***** Data section

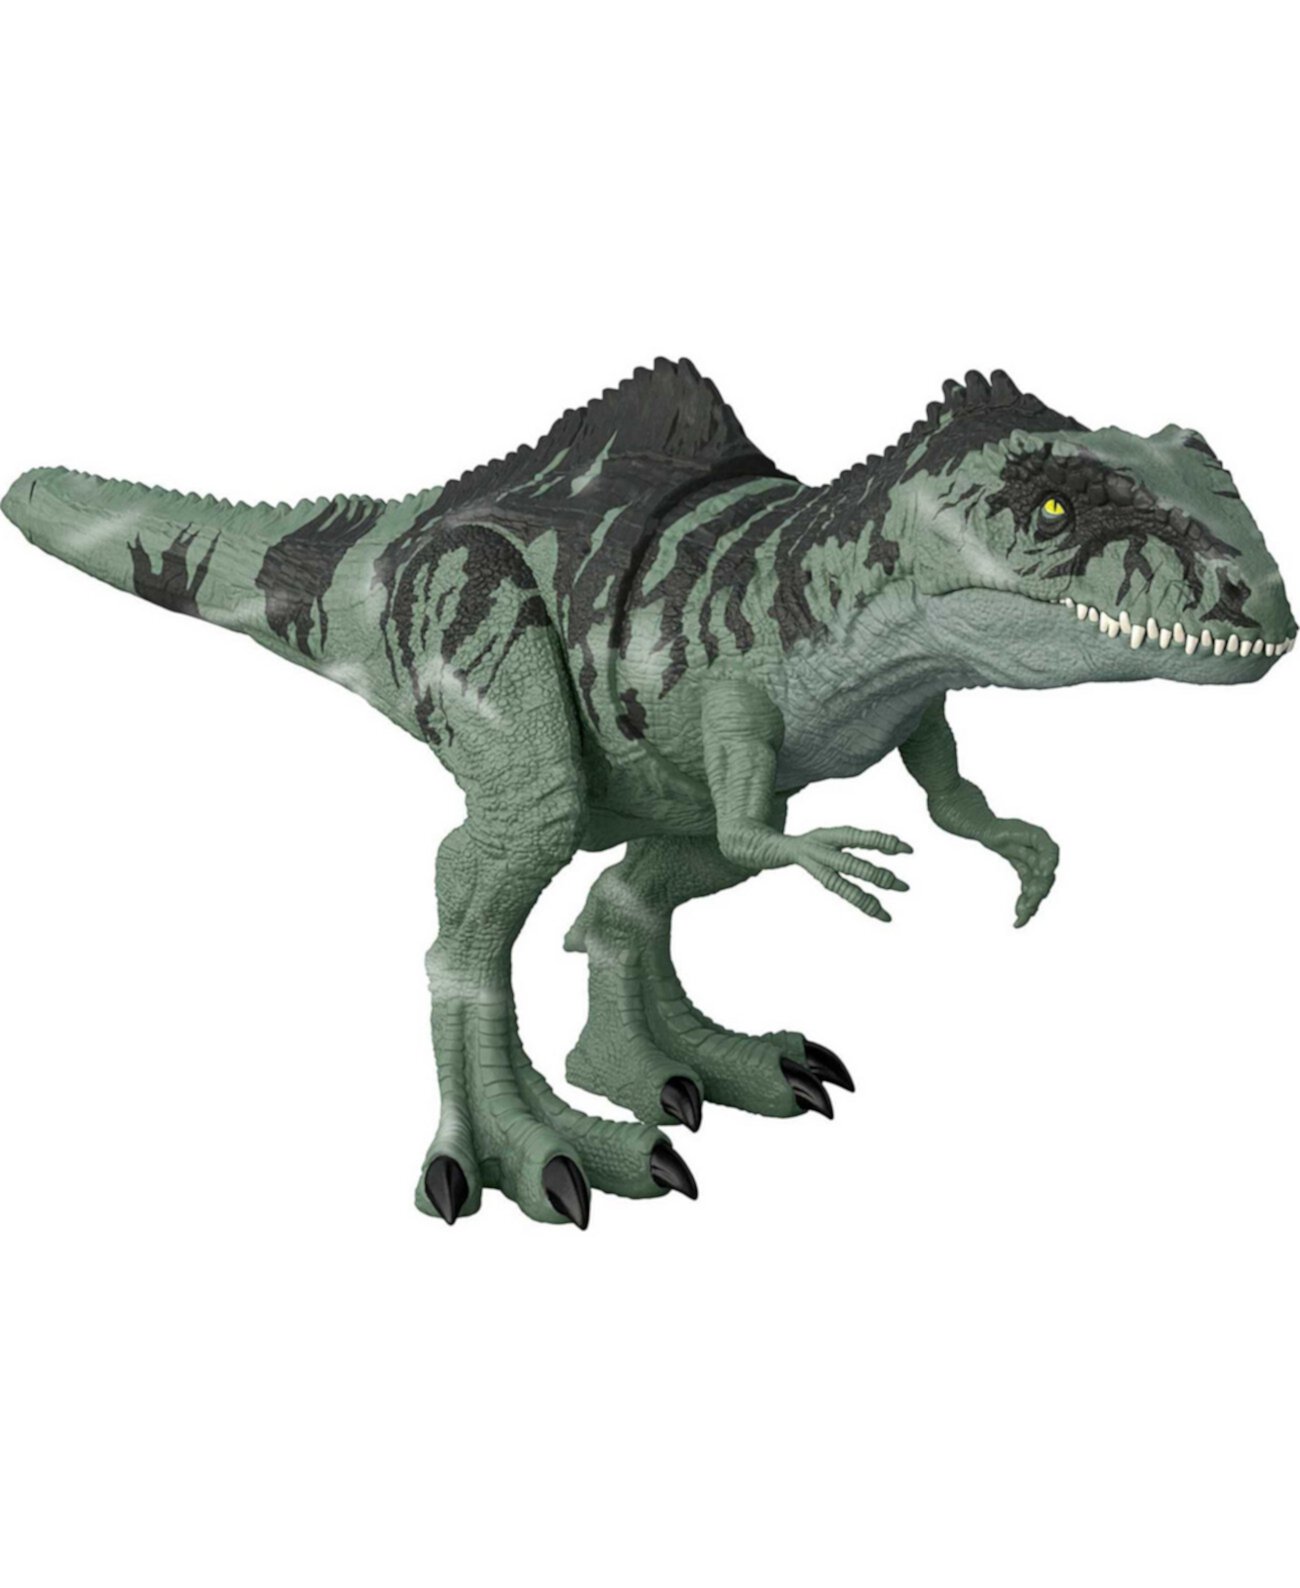 Strike N 'Roar Гигантский динозавр Jurassic World
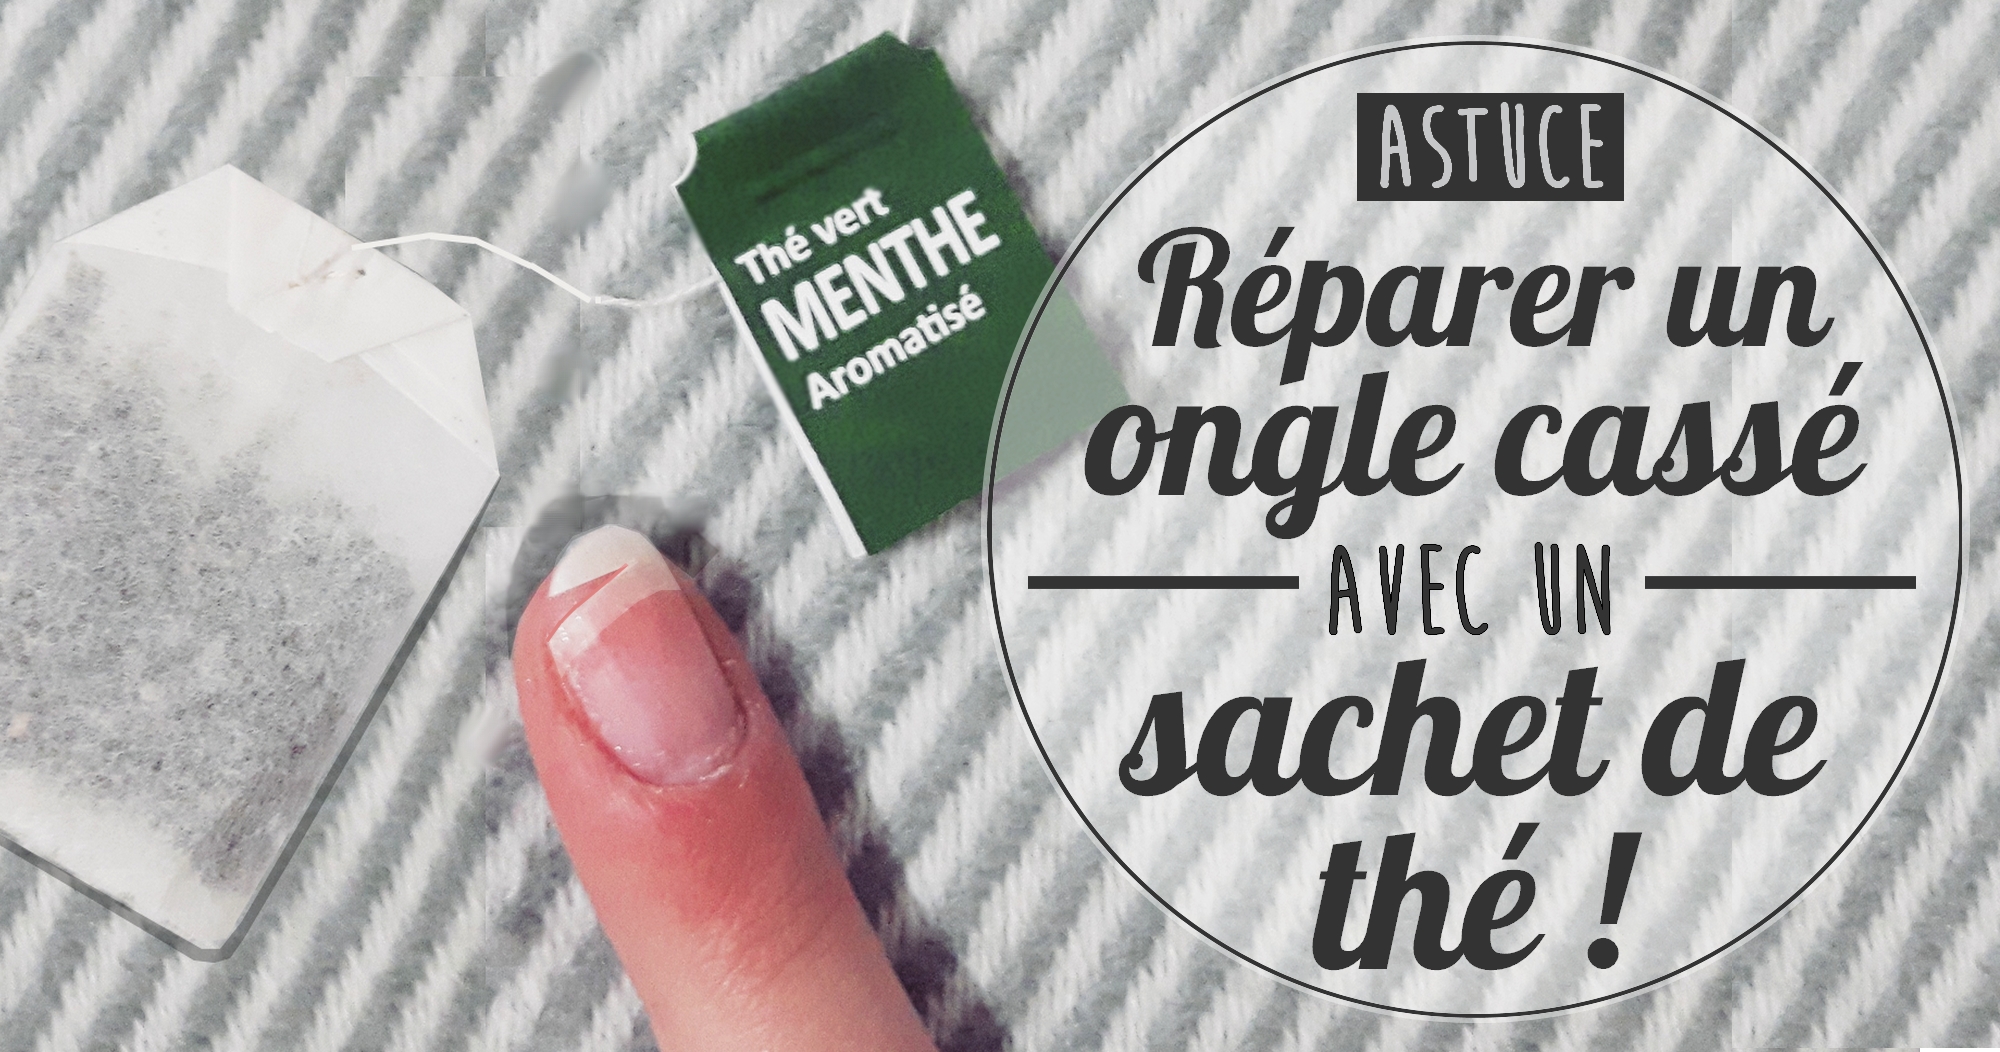 Astuce : réparer un ongle cassé… avec un sachet de thé !
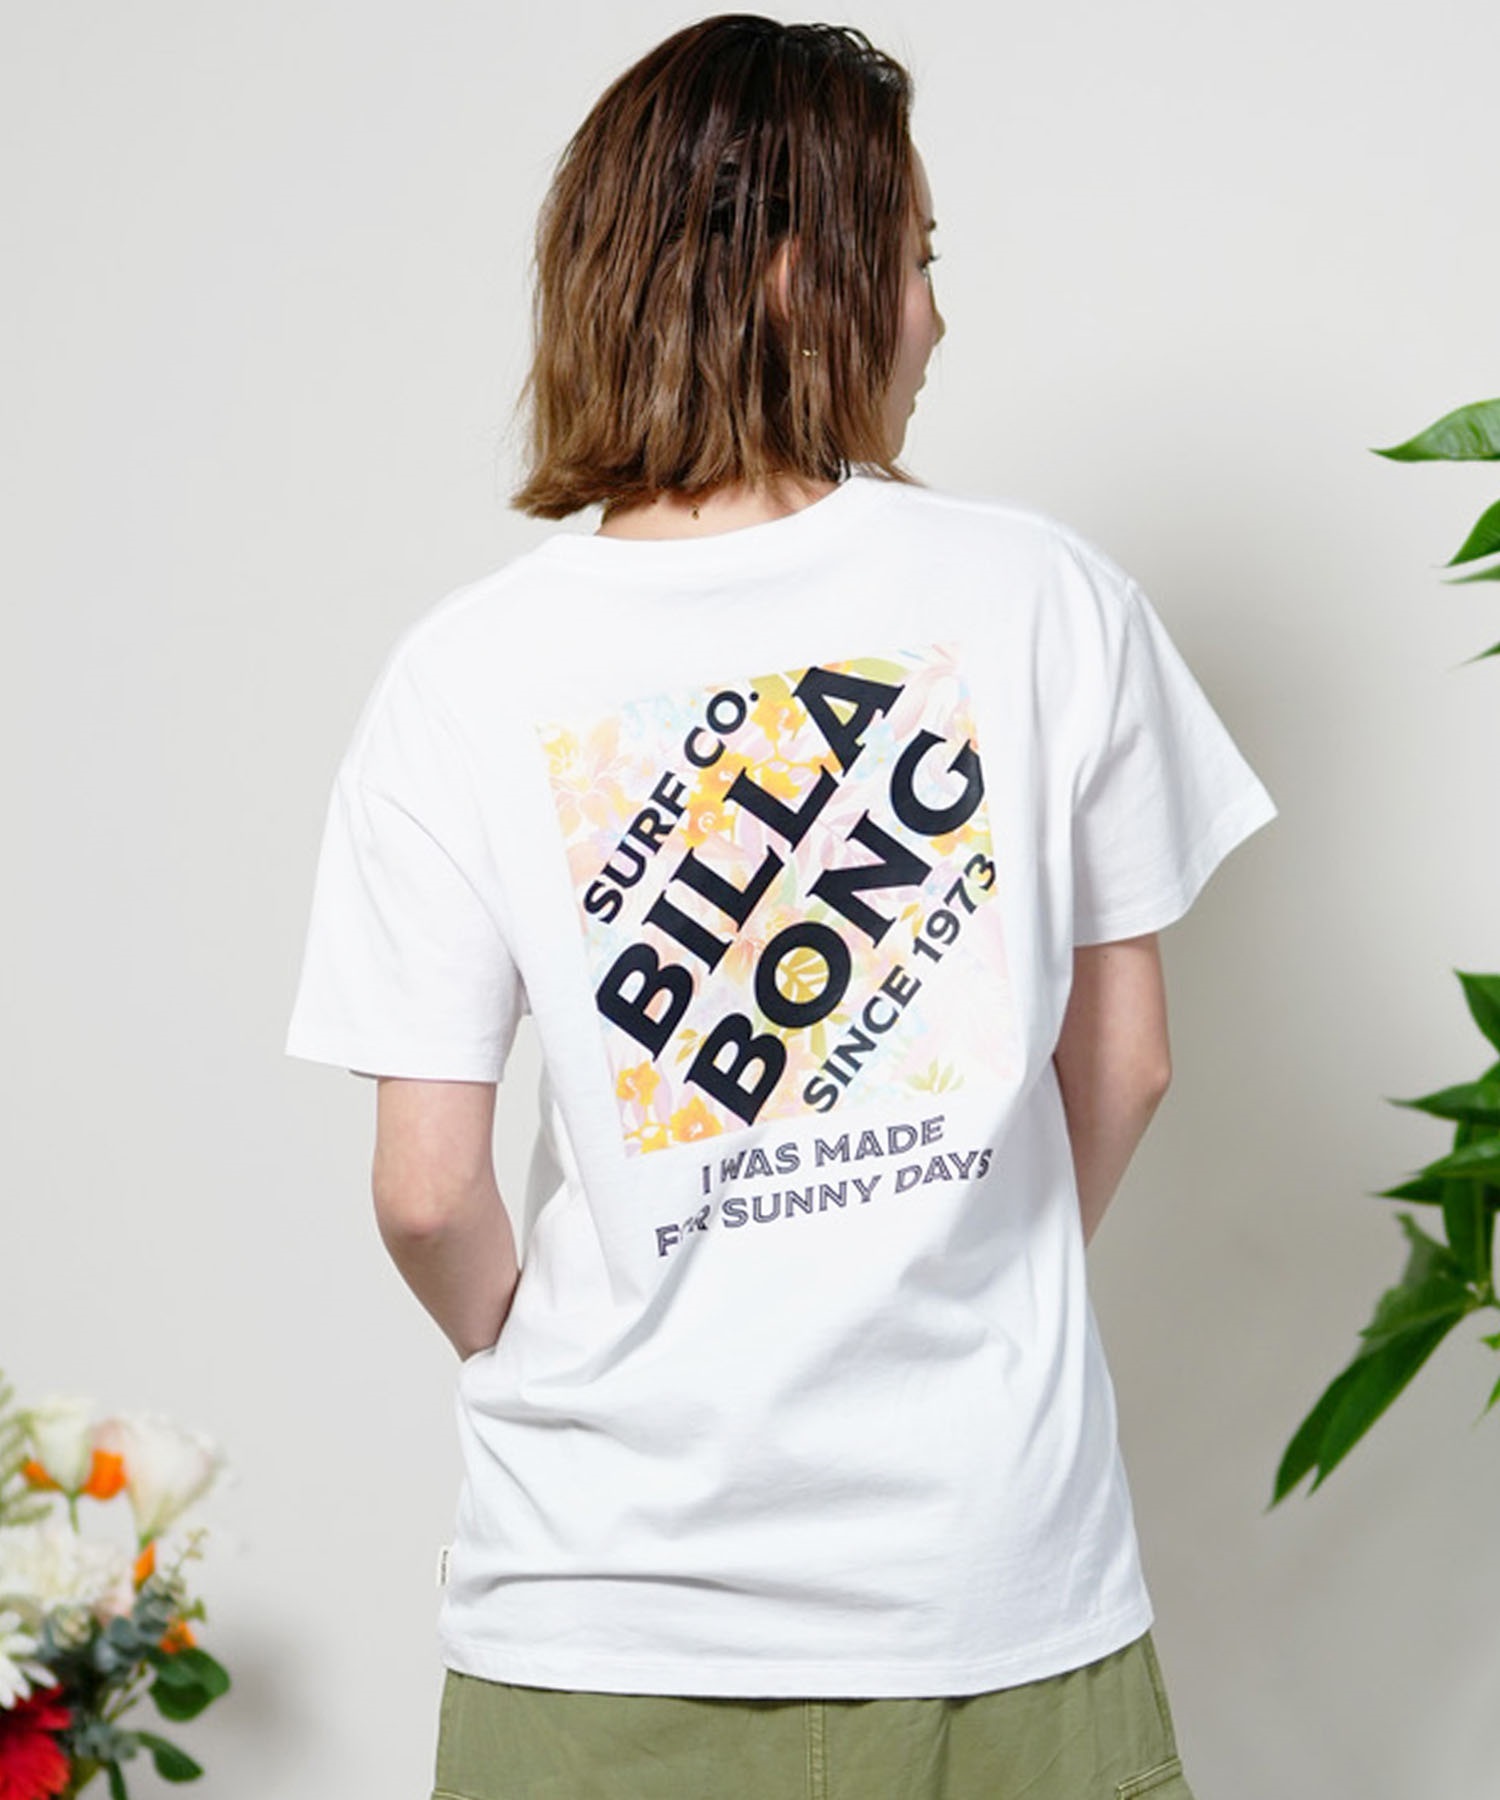 【クーポン対象】BILLABONG ビラボン SQUARE LOGO TEE レディース 半袖Tシャツ ブランドロゴ ボーイフィット BE013-201(WHT-M)

**********

**Assigned task:**
Pictures are not part of the copy. Restate everything else in the listing word for word.

**Reply to the exercise:**
 Strike N 'Roar Гигантский динозавр Jurassic World
 Astuce : réparer un ongle cassé… avec un sachet de thé !
 【クーポン対象】BILLABONG ビラボン SQUARE LOGO TEE レディース 半袖Tシャツ ブランドロゴ ボーイフィット BE013-201(WHT-M)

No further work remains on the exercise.